- [TASK GOAL]: An image-free reproduction of the data below is needed: print it exactly.

- [DATASET CONTENT]:
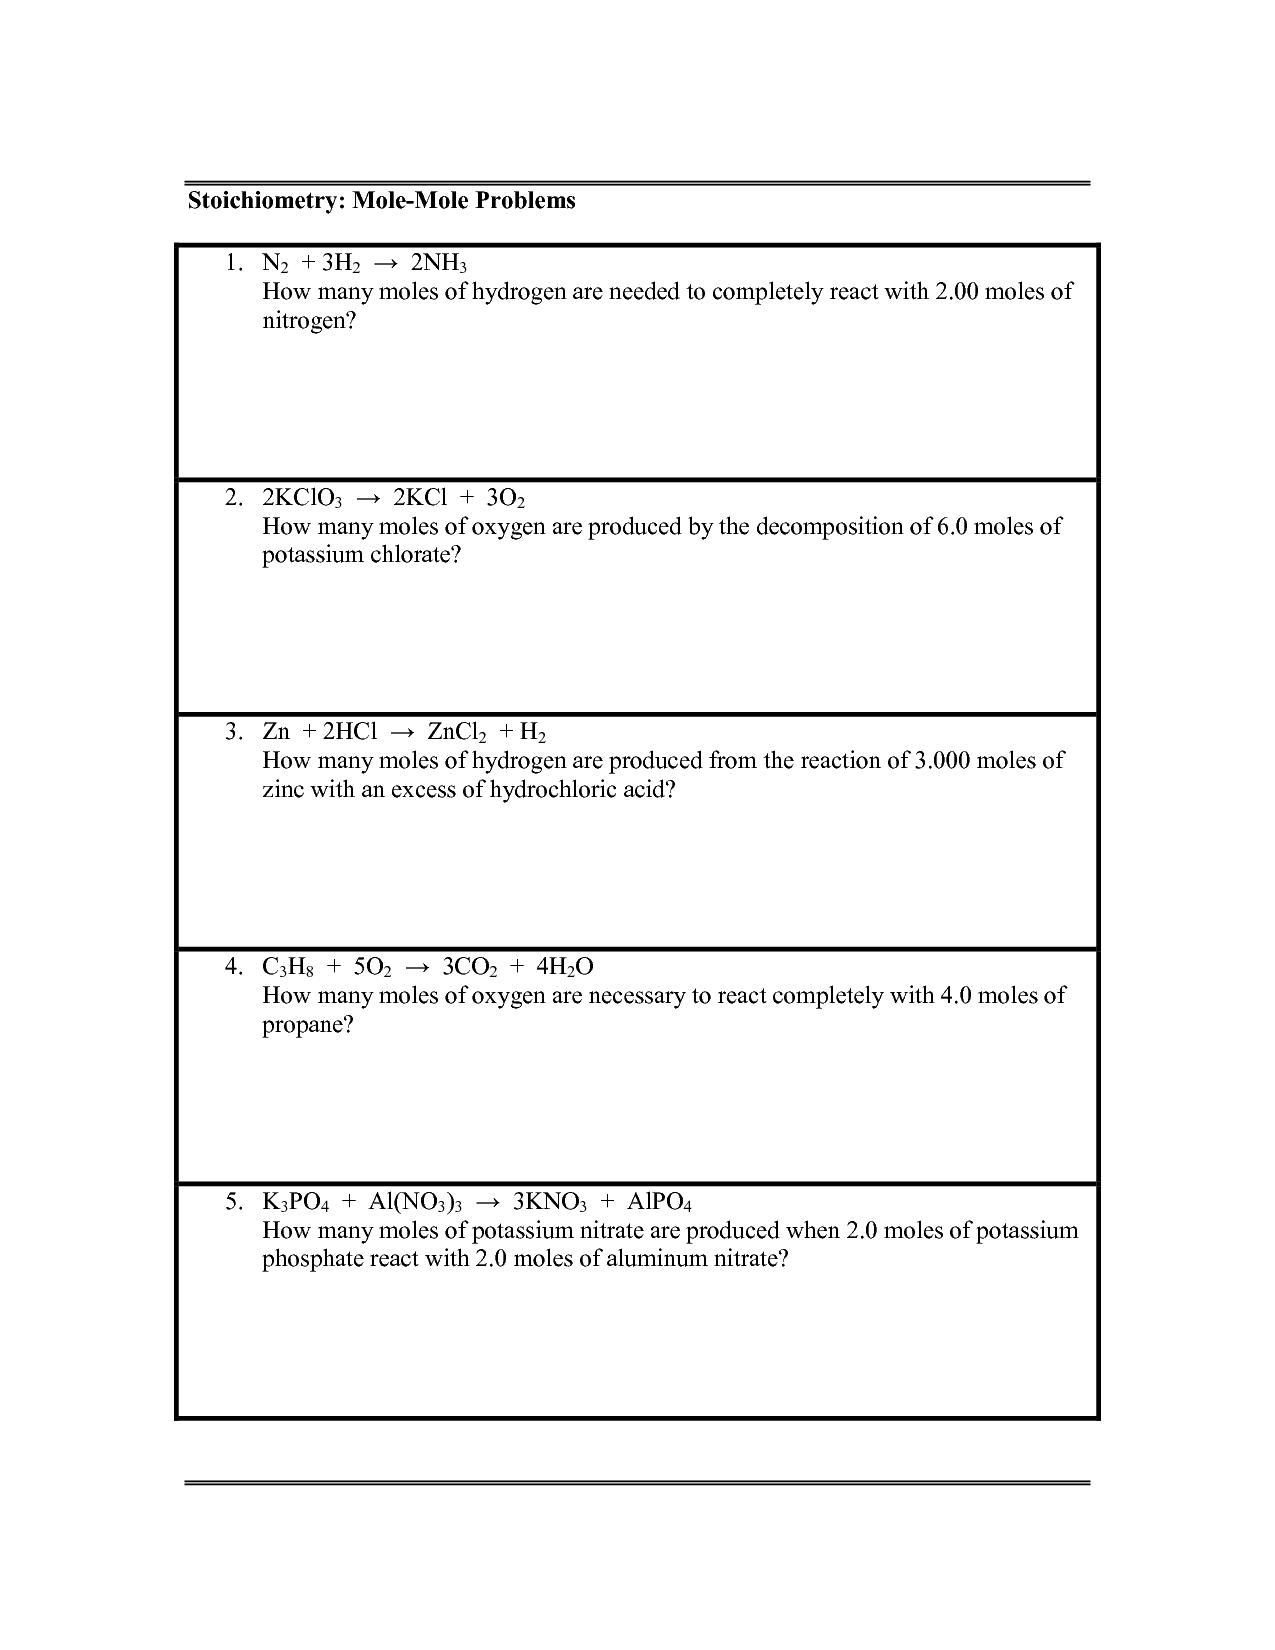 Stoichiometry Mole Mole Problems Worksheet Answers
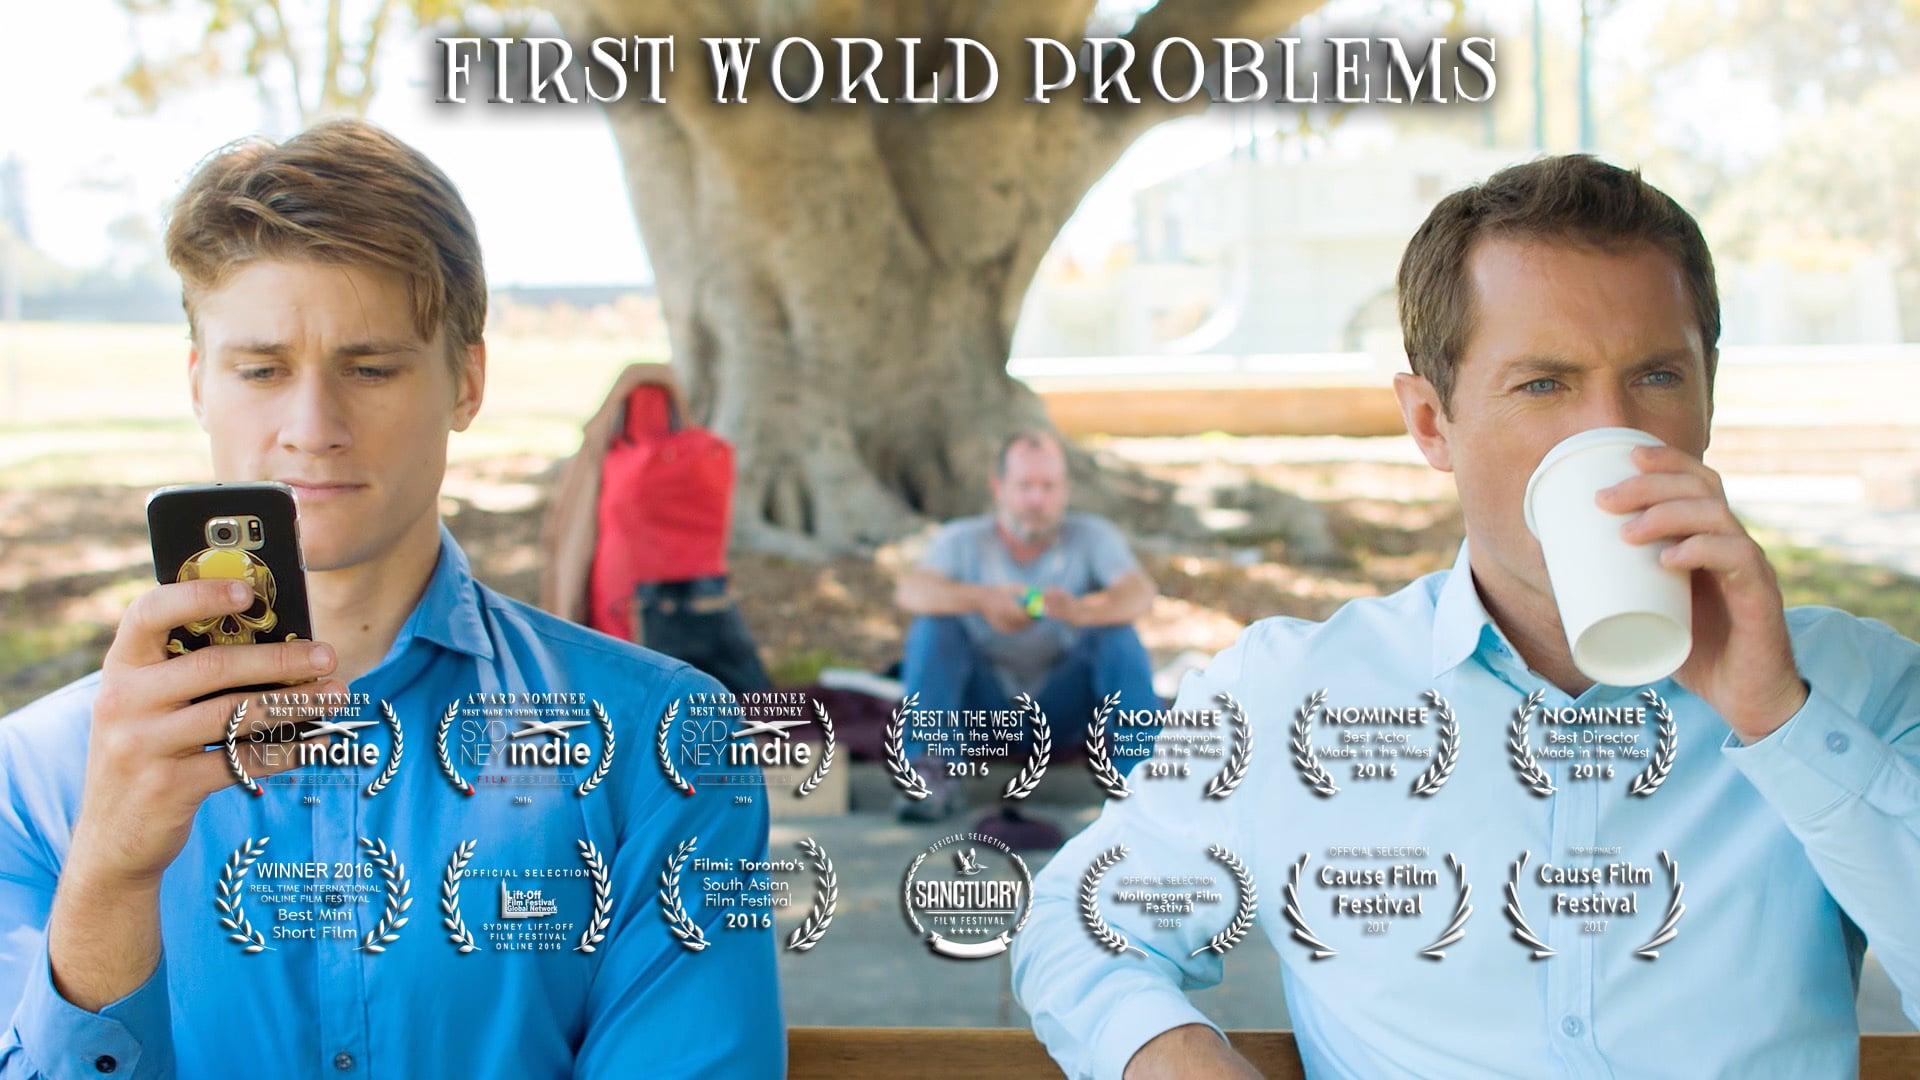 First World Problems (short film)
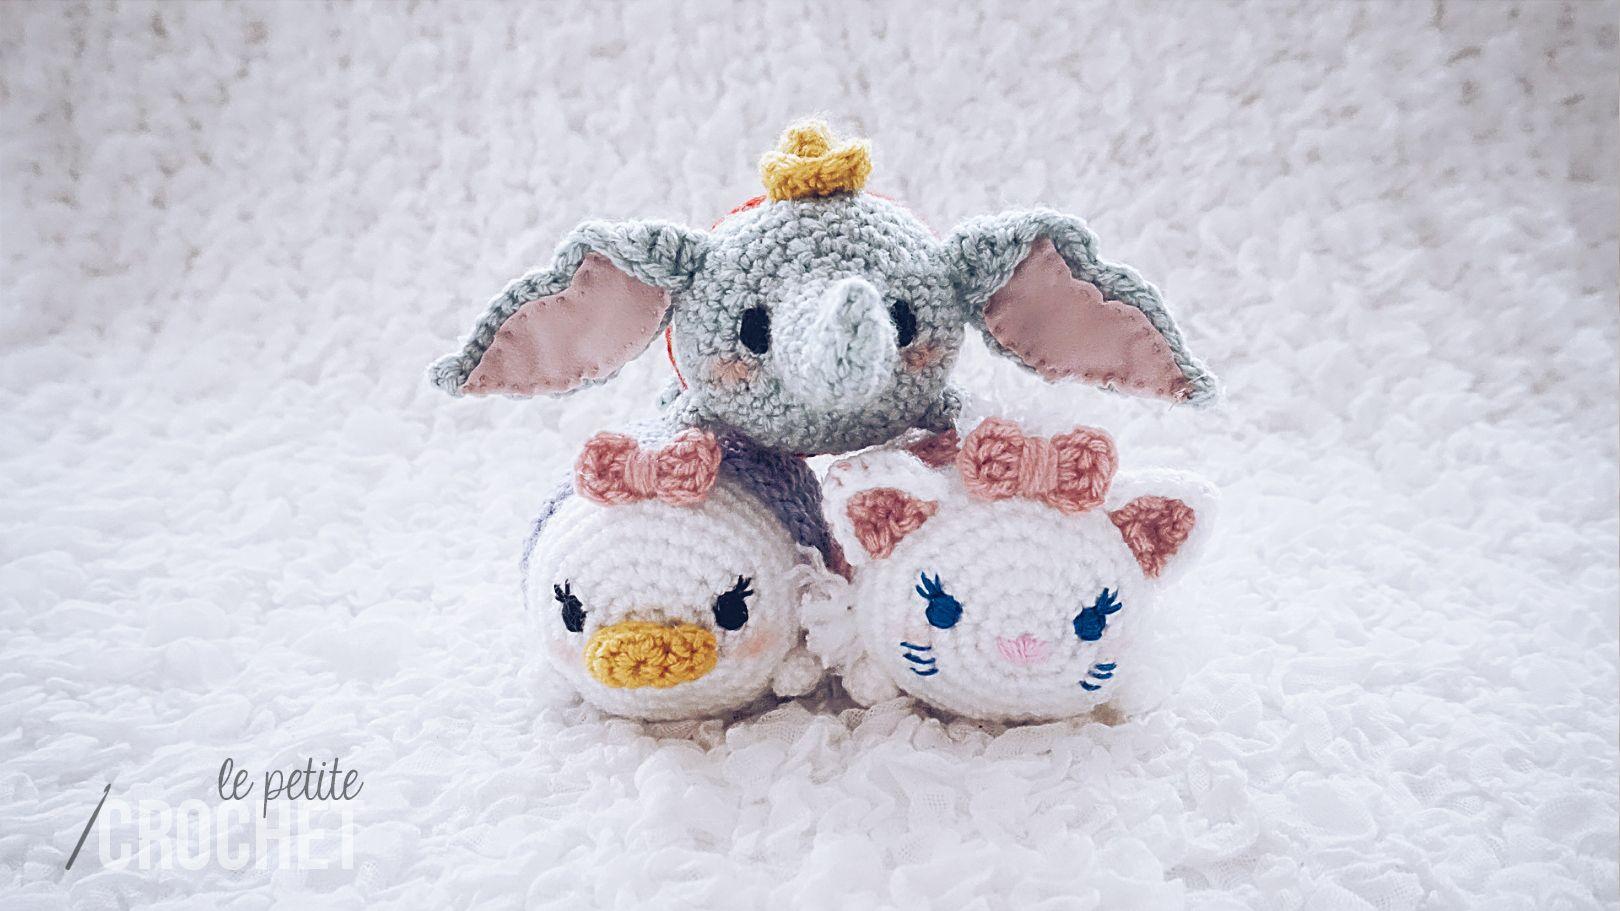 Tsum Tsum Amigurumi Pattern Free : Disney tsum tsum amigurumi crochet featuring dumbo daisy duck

- [REPLY TO THE TASK]:
 Stoichiometry Mole Mole Problems Worksheet Answers
 First World Problems (short film)
 Tsum Tsum Amigurumi Pattern Free : Disney tsum tsum amigurumi crochet featuring dumbo daisy duck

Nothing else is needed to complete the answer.